If you have questions about different dating sites, try posting them on sites like fluther.com. Real people will respond to your queries.
Once you’ve found the sites to target, you’ll need to register. Remember to fill out the entire registration form when signing up: It definitely helps in finding better matches.
Now that you know where you’re going, it’s time to come up with a profile to attract potential matched opposites.

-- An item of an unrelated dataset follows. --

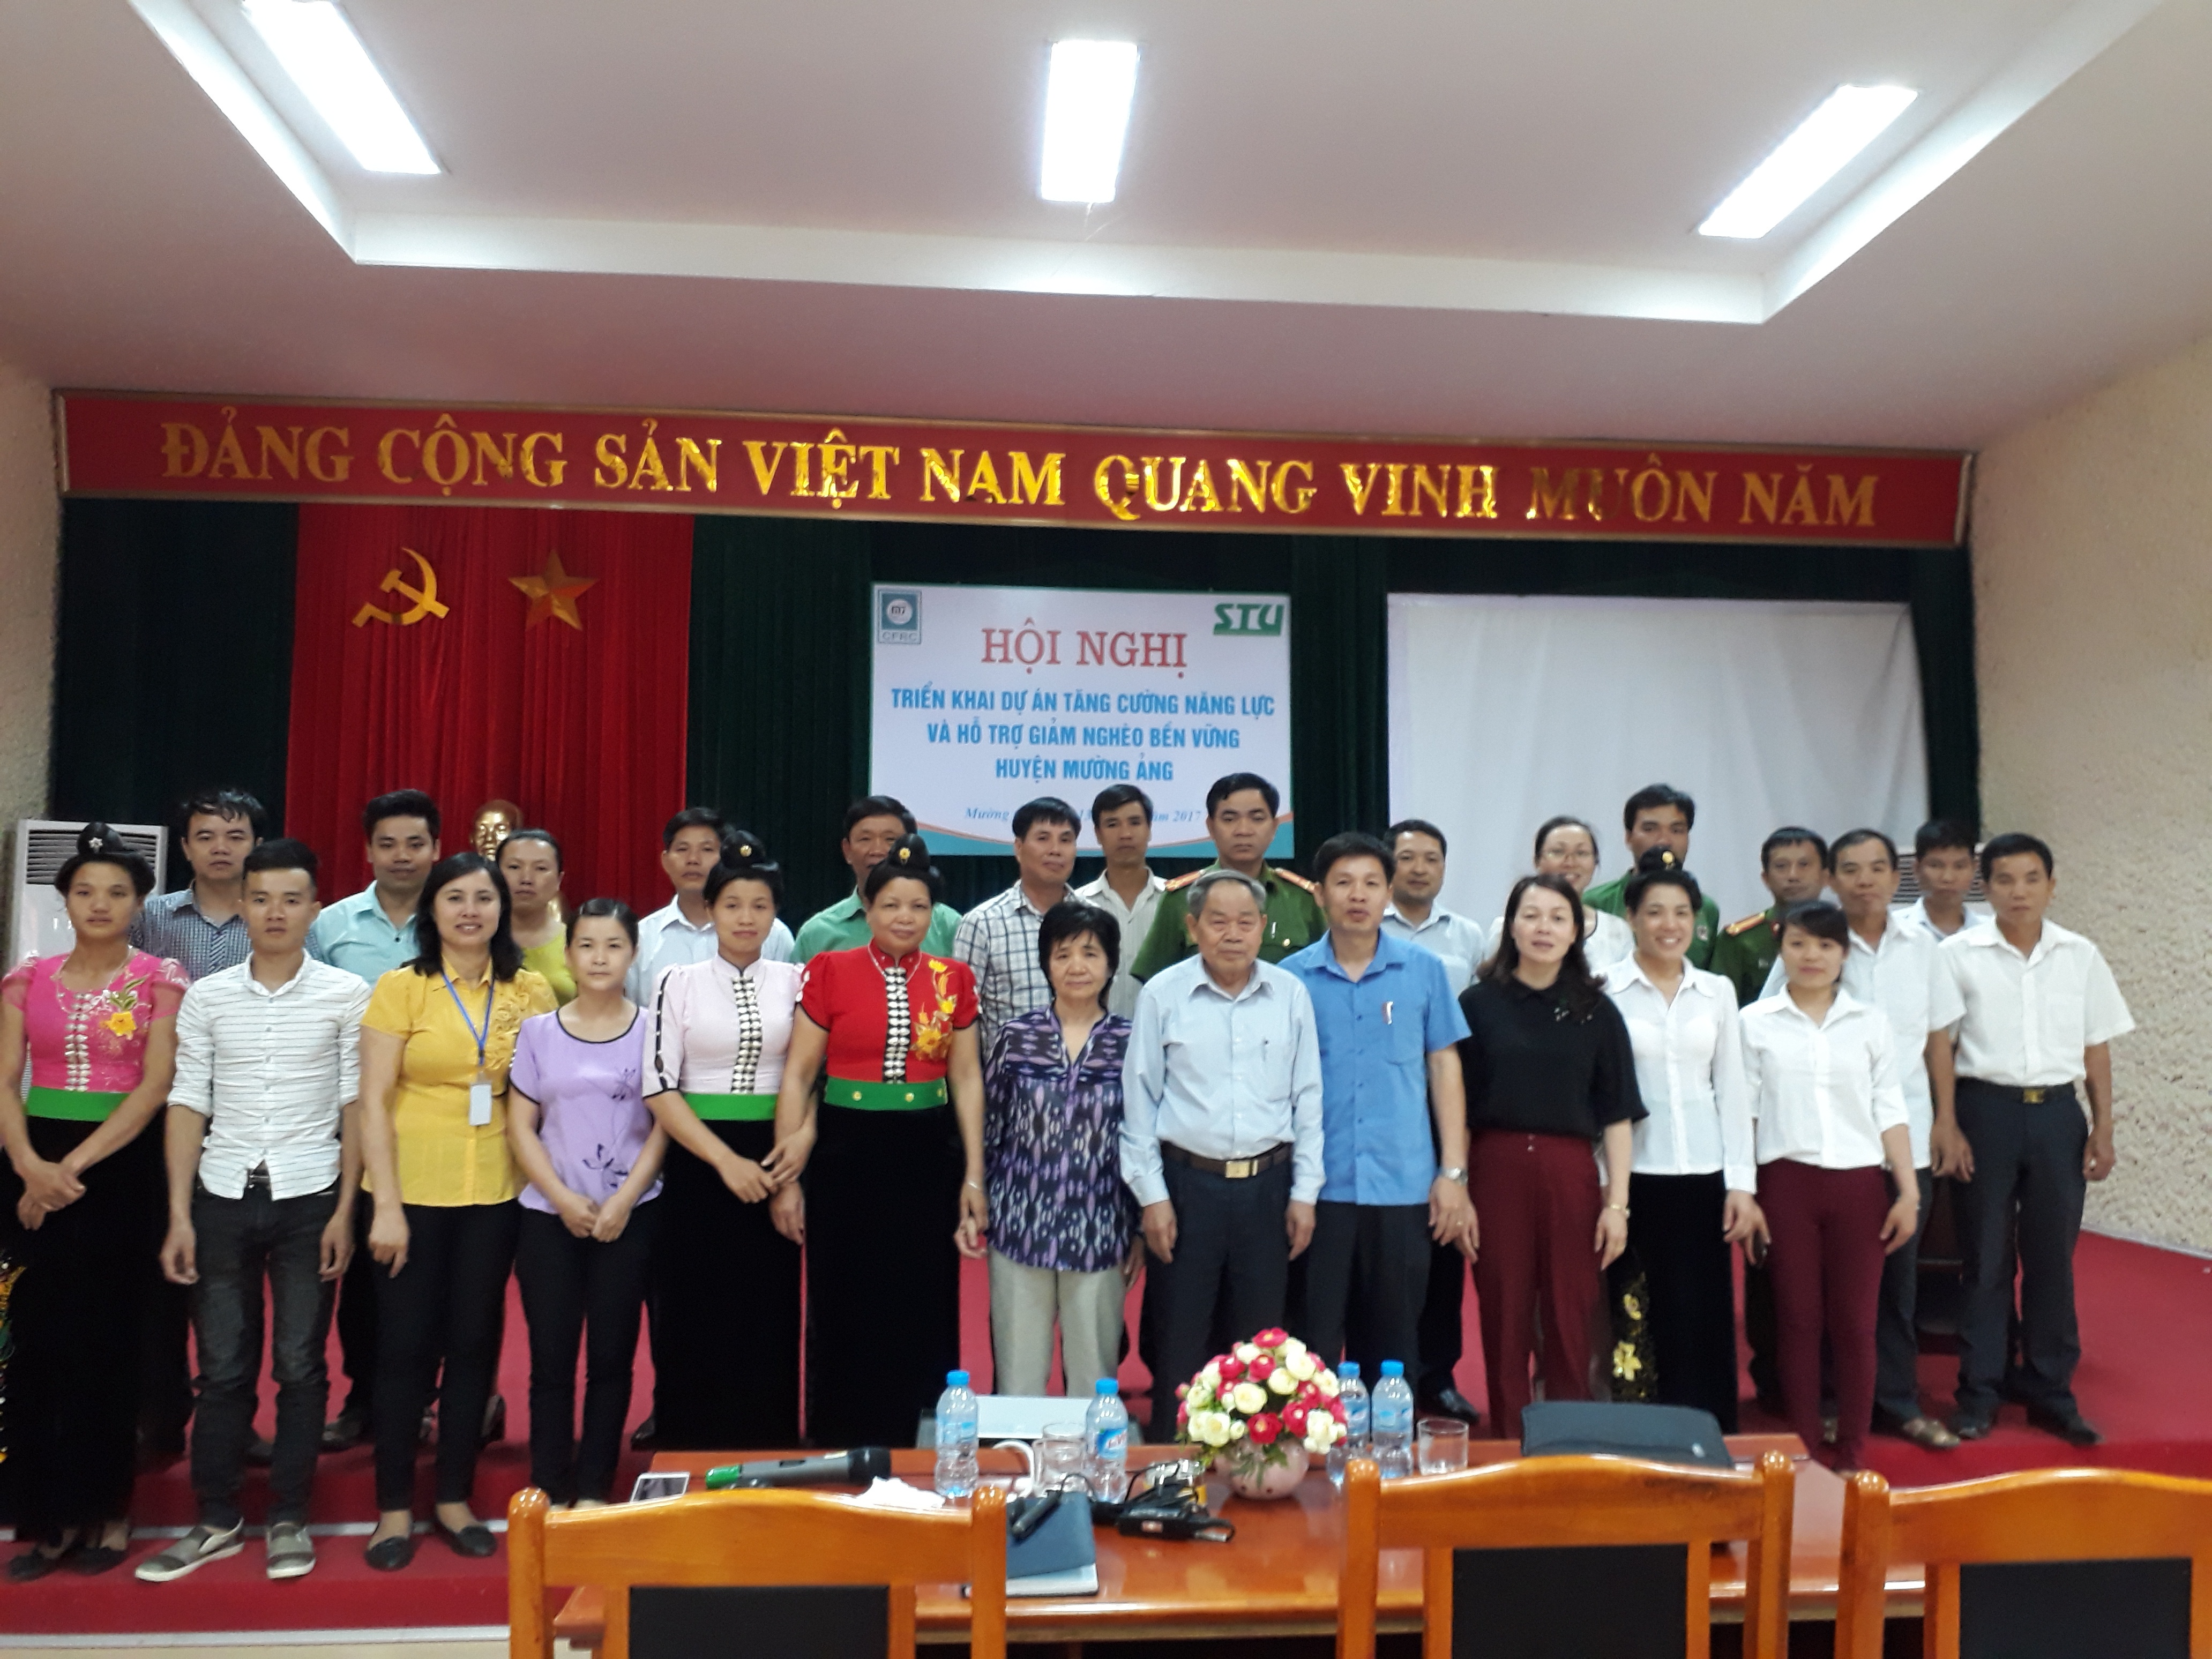 Mở rộng dự án “Tăng cường năng lực và hỗ trợ giảm nghèo bền vững” tại  huyện Mường Ảng, tỉnh Điện Biên

The four elements to a great online presence are: first, and most overlooked, a compelling username. Next comes your headline, or hook. Then your photo, and finally your stories. These combine to make a great online ad.
What Matters Most?
Studies show that men tend to look first at the photo while women read the words, but in reality you never know what’s going to appeal first. A survey commissioned by ThirdAge.com asked, “When looking
at someone’s online profile, what makes you want to contact them?” Men rated a great smile, a good sense of humor, and a good figure/physique as the top three turn-ons, while women chose a good sense of humor and similar taste in music, movies, books, etc., with strong family values and great smile sharing third place. When it came to what turned them off, people looking to cheat, negative attitudes, couch potatoes, and poor spelling and grammar took the top places for men and women alike. When it came to the photo, the survey found weight matters more to men than women, tacky clothes and a bad haircut matter more to women than men.
A Pound of Preparation Is Worth a Ton of Love
What if you could pay someone to come up with the perfect profile for you? One that would get great results and make you feel confident about yourself? The fact is, no one can do it as well as you can—as long as you have a little guidance. That “little guidance” is right at end of this book. Completing the exercises that begin on page 319 will give you a tray full of personal insights and goodies about yourself and your dreams that you can use in your profile to make it rich and compelling. Well over half the profiles out there start off with things like, “Oh I don’t know what to write here so here goes …” or “I don’t know what I’m looking for but …” Or “Just looking to settle down …” Or “I’m very outgoing/reserved/…” Avoid these fumbling clichés and use what you learn from the exercises to write a profile that expresses your best self.